**TASK DESCRIPTION**
Please transcribe exactly the lines from the line holding "Christmas theme with" through the end of the data below, and skip any pictures.

**INFORMATION PROVIDED**
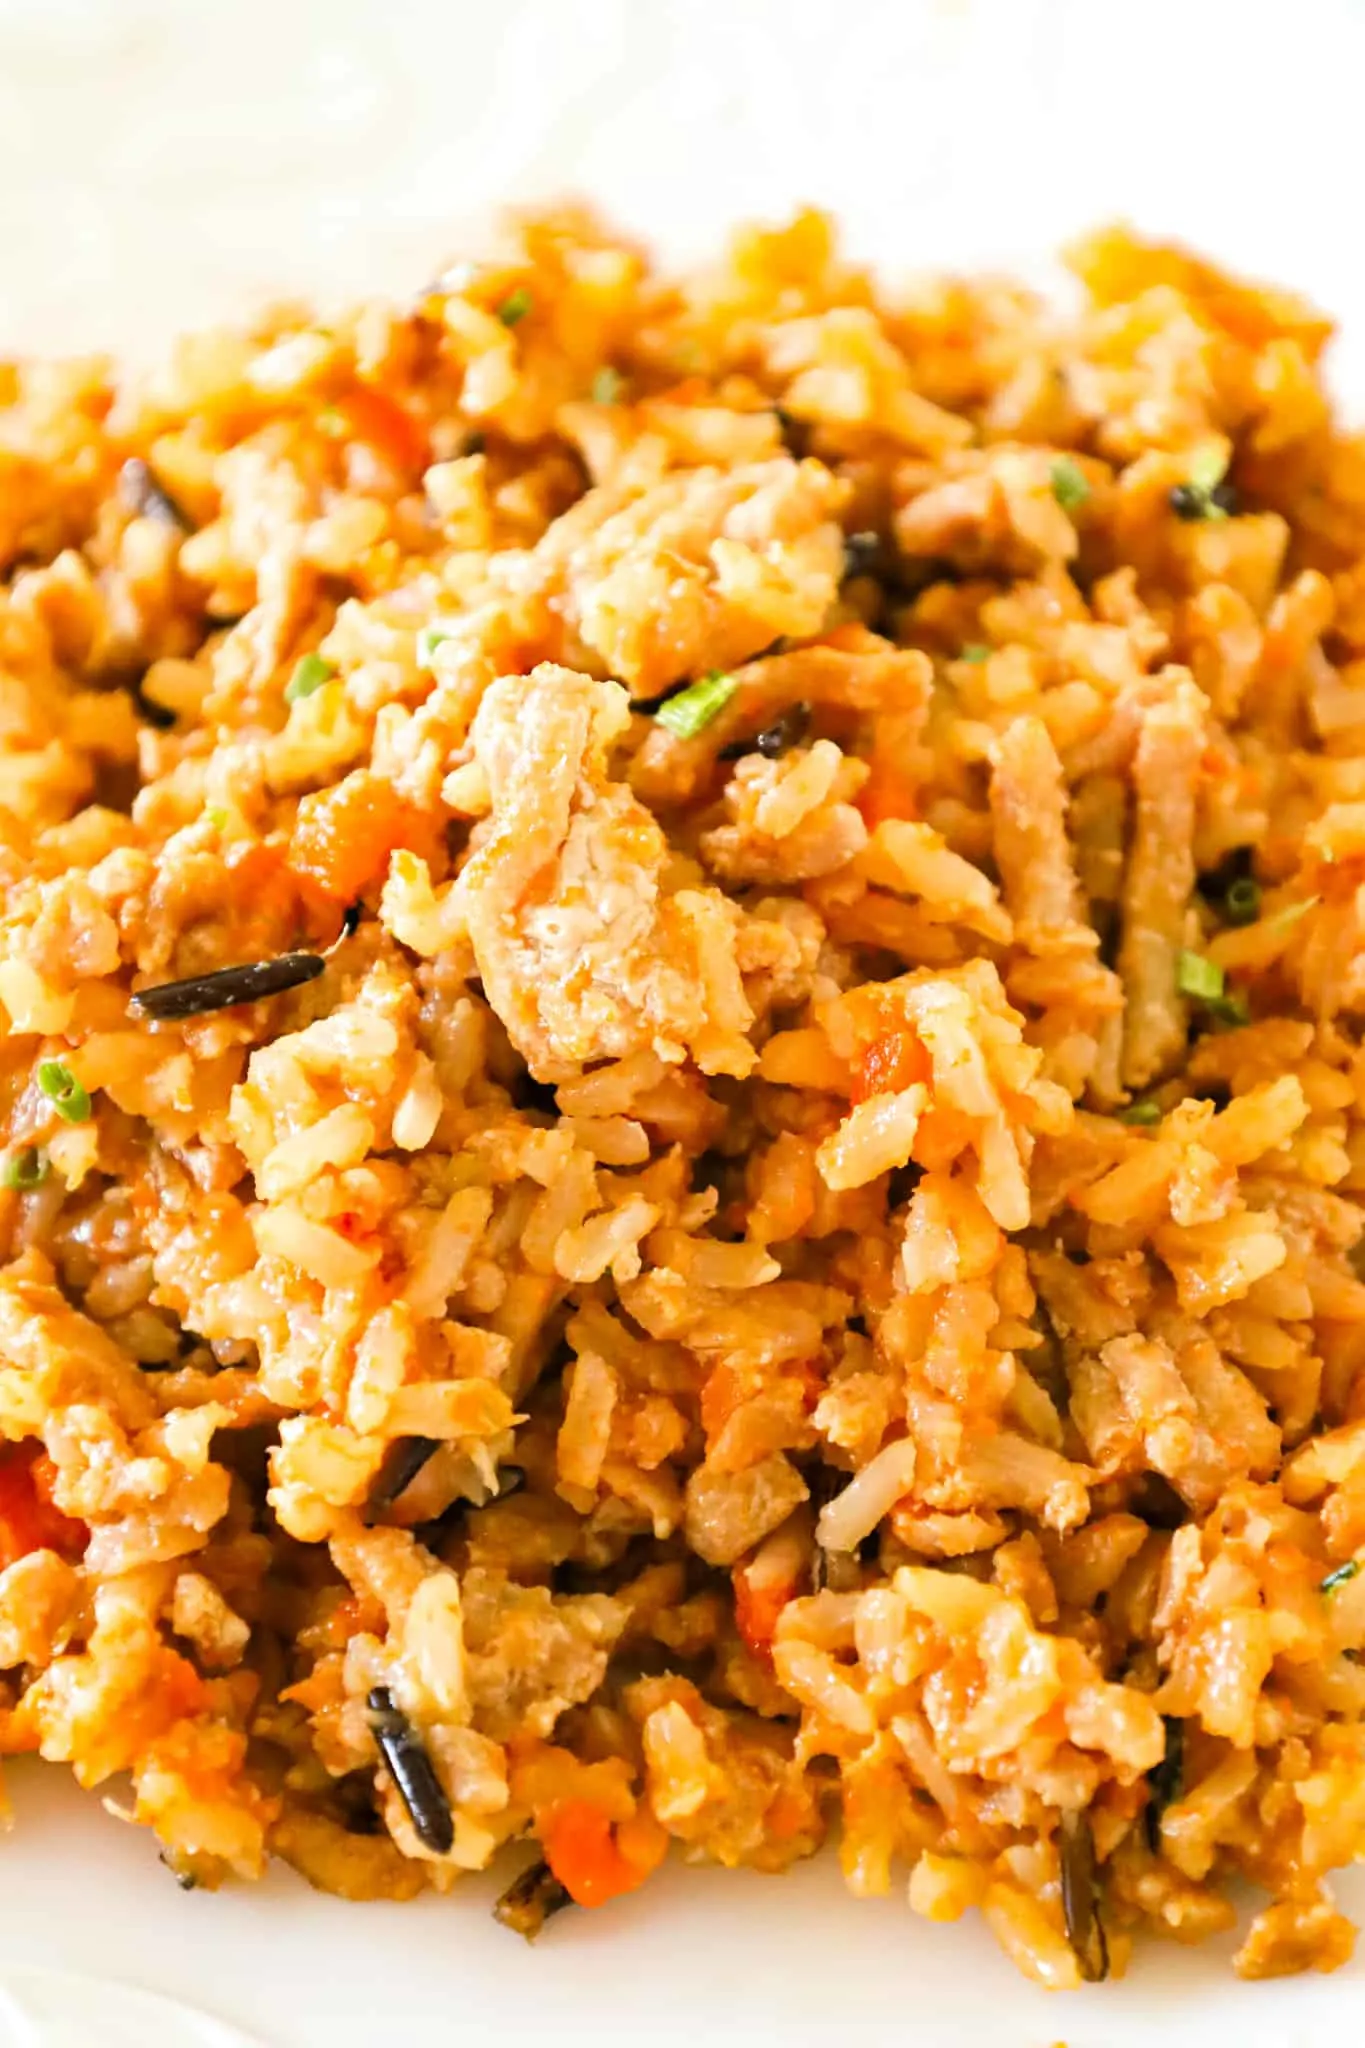 Ground Turkey and Rice is a simple and delicious one pot dinner recipe using brown and wild rice loaded with diced carrots, celery onion and ground turkey cooked in chicken broth and tossed with soy sauce.
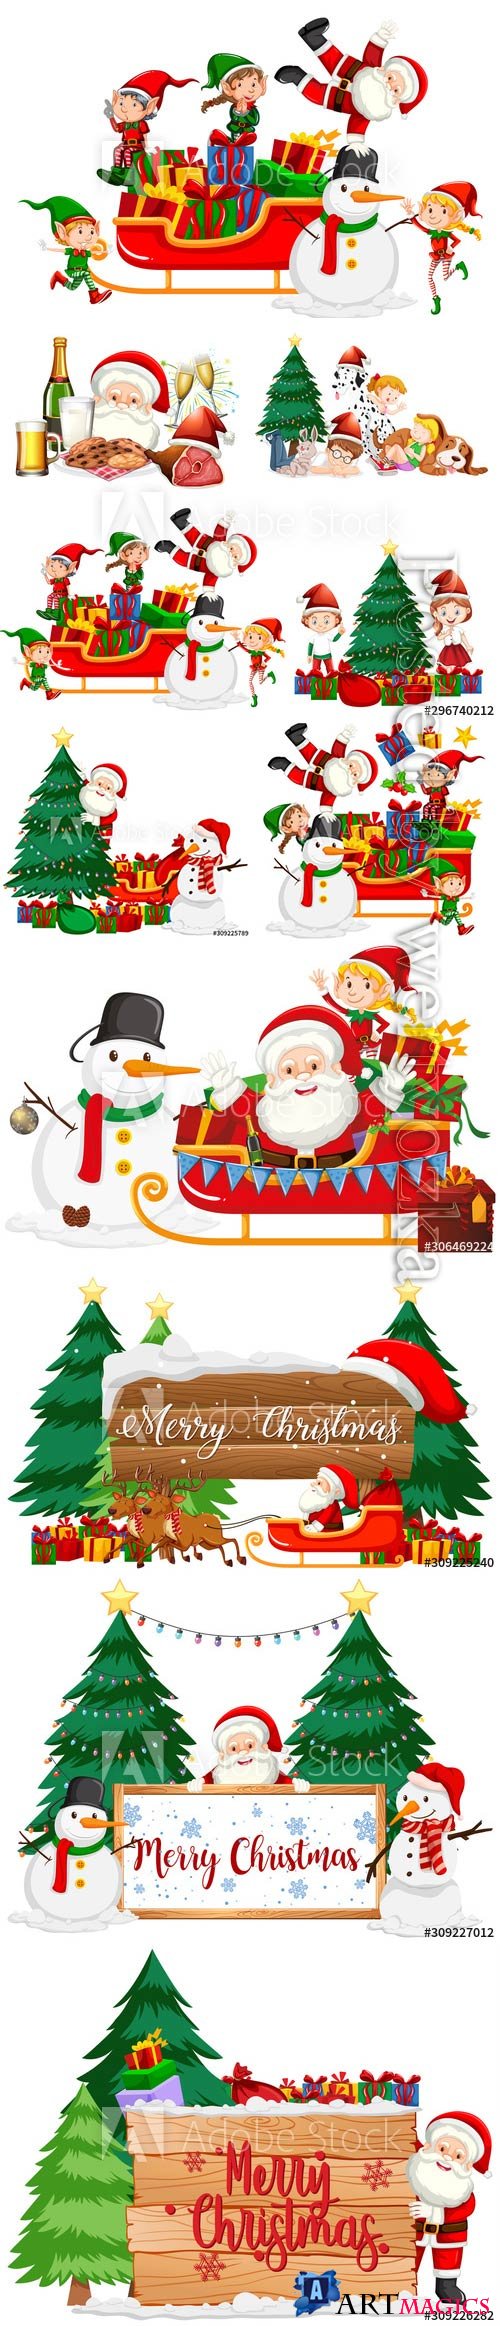 Christmas theme with ornaments on many products
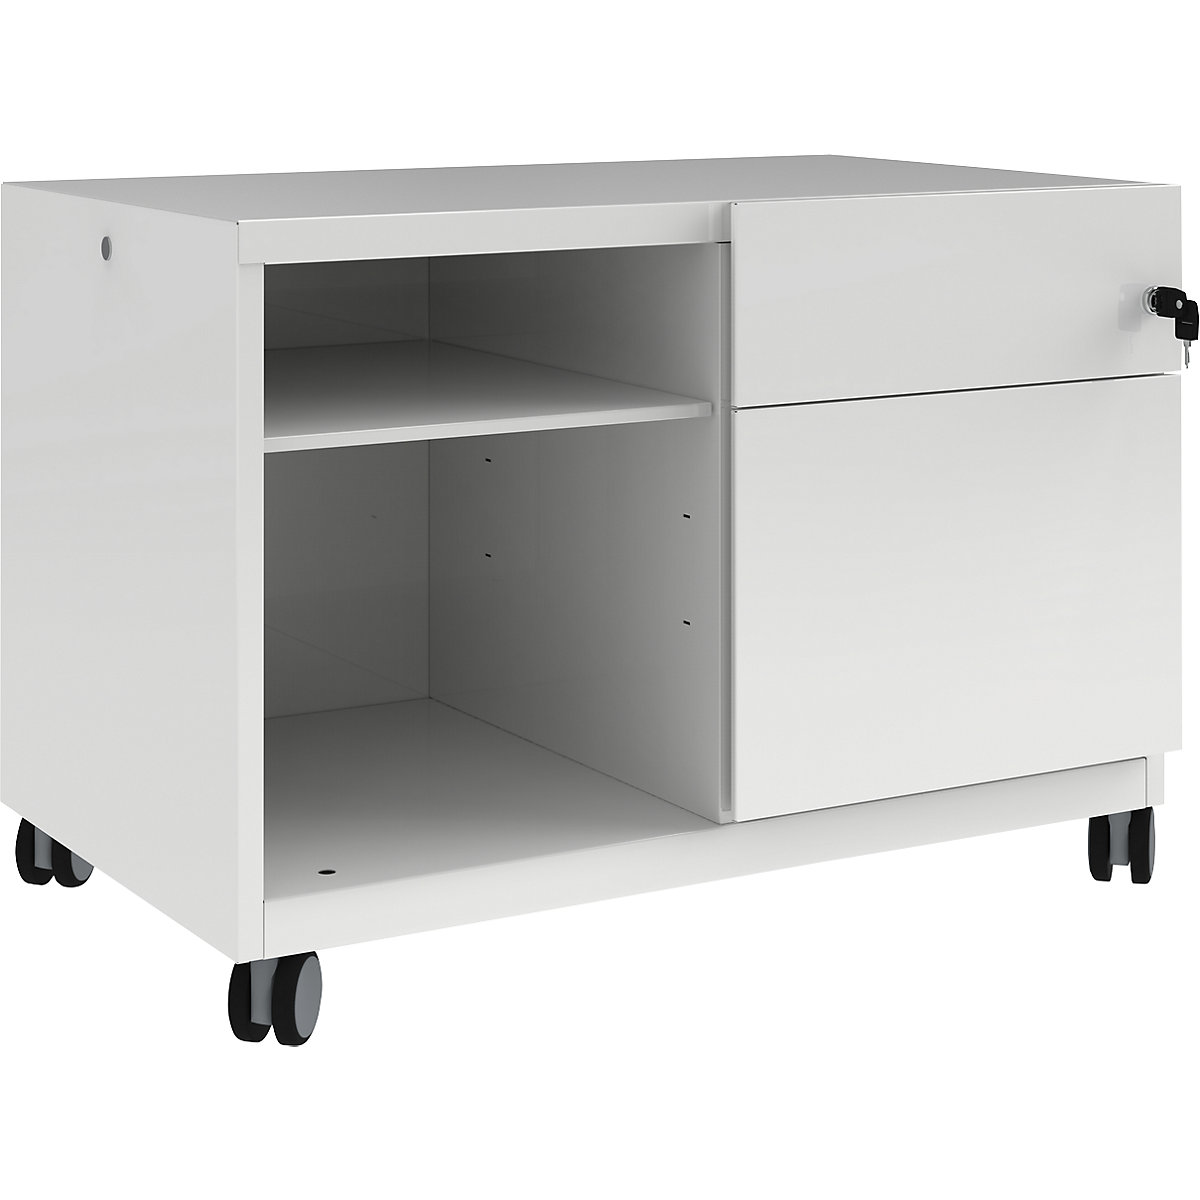 Note™ CADDY, HxBxT 563 x 800 x 490 mm – BISLEY, 1 universal drawer and suspension file drawer on the right, traffic white-17
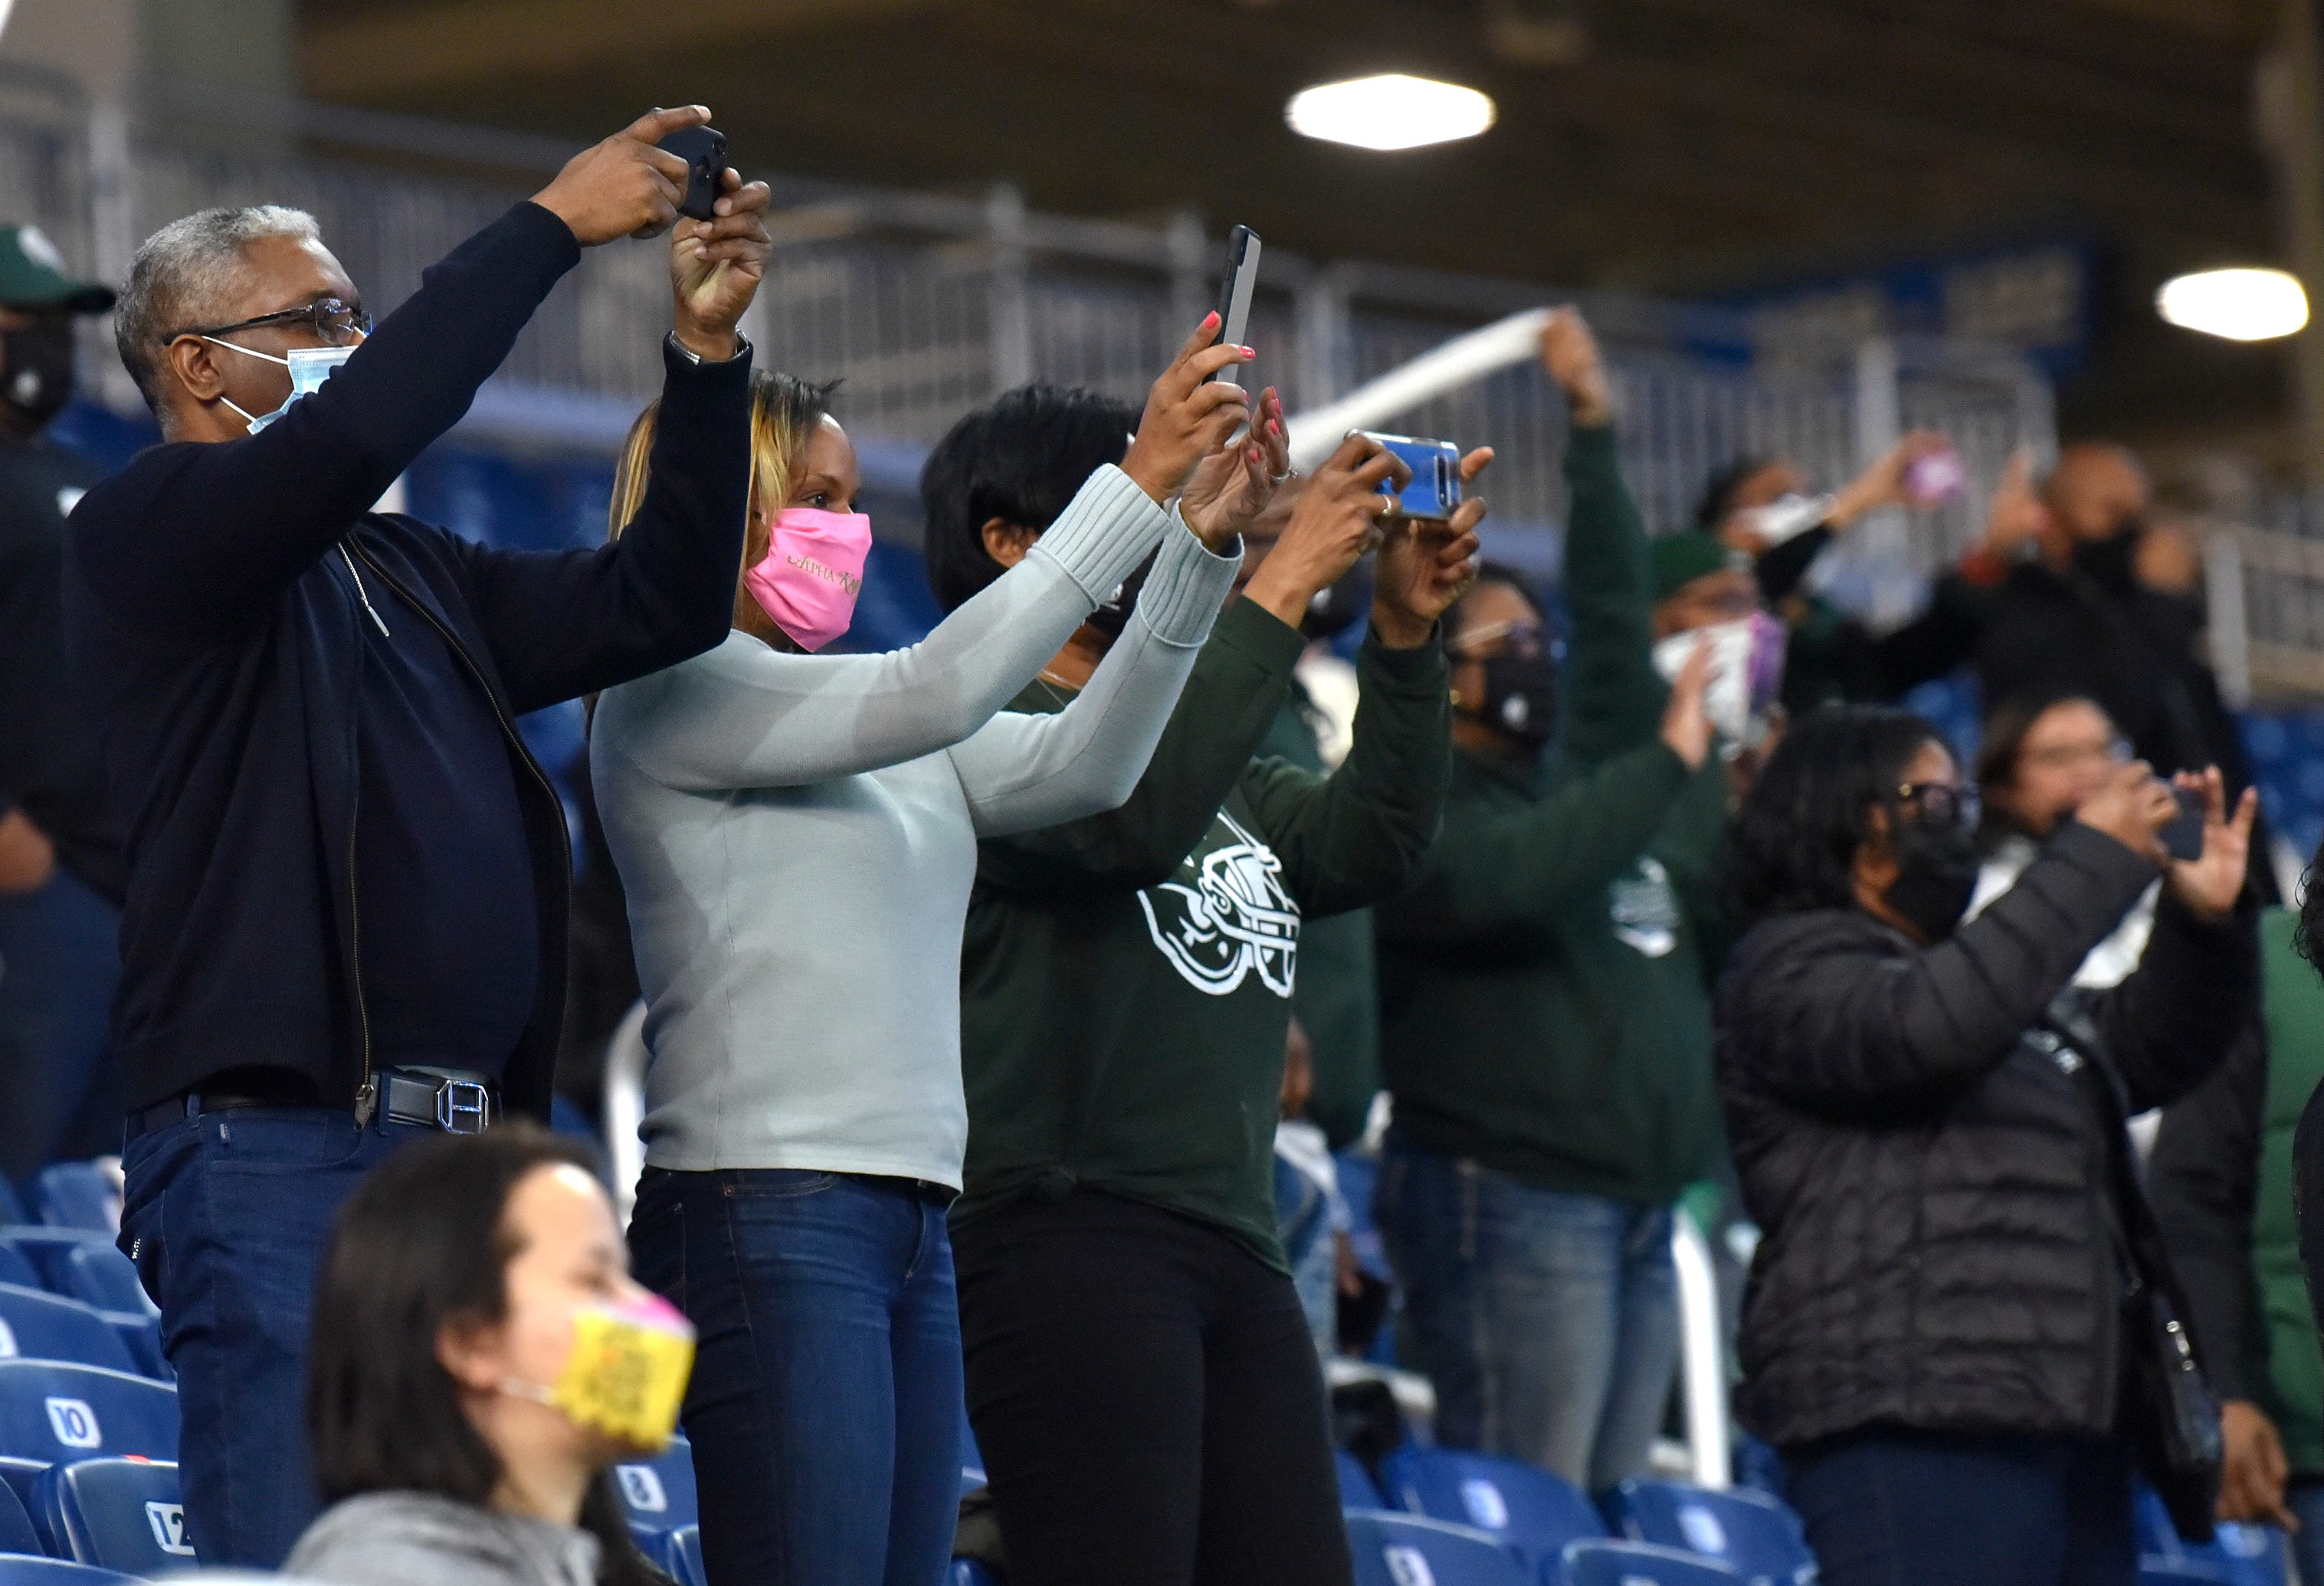 West Bloomfield fans takes pictures of their team at the end of the game.

**RESPONSE AREA**
 Christmas theme with ornaments on many products
 Note™ CADDY, HxBxT 563 x 800 x 490 mm – BISLEY, 1 universal drawer and suspension file drawer on the right, traffic white-17
 West Bloomfield fans takes pictures of their team at the end of the game.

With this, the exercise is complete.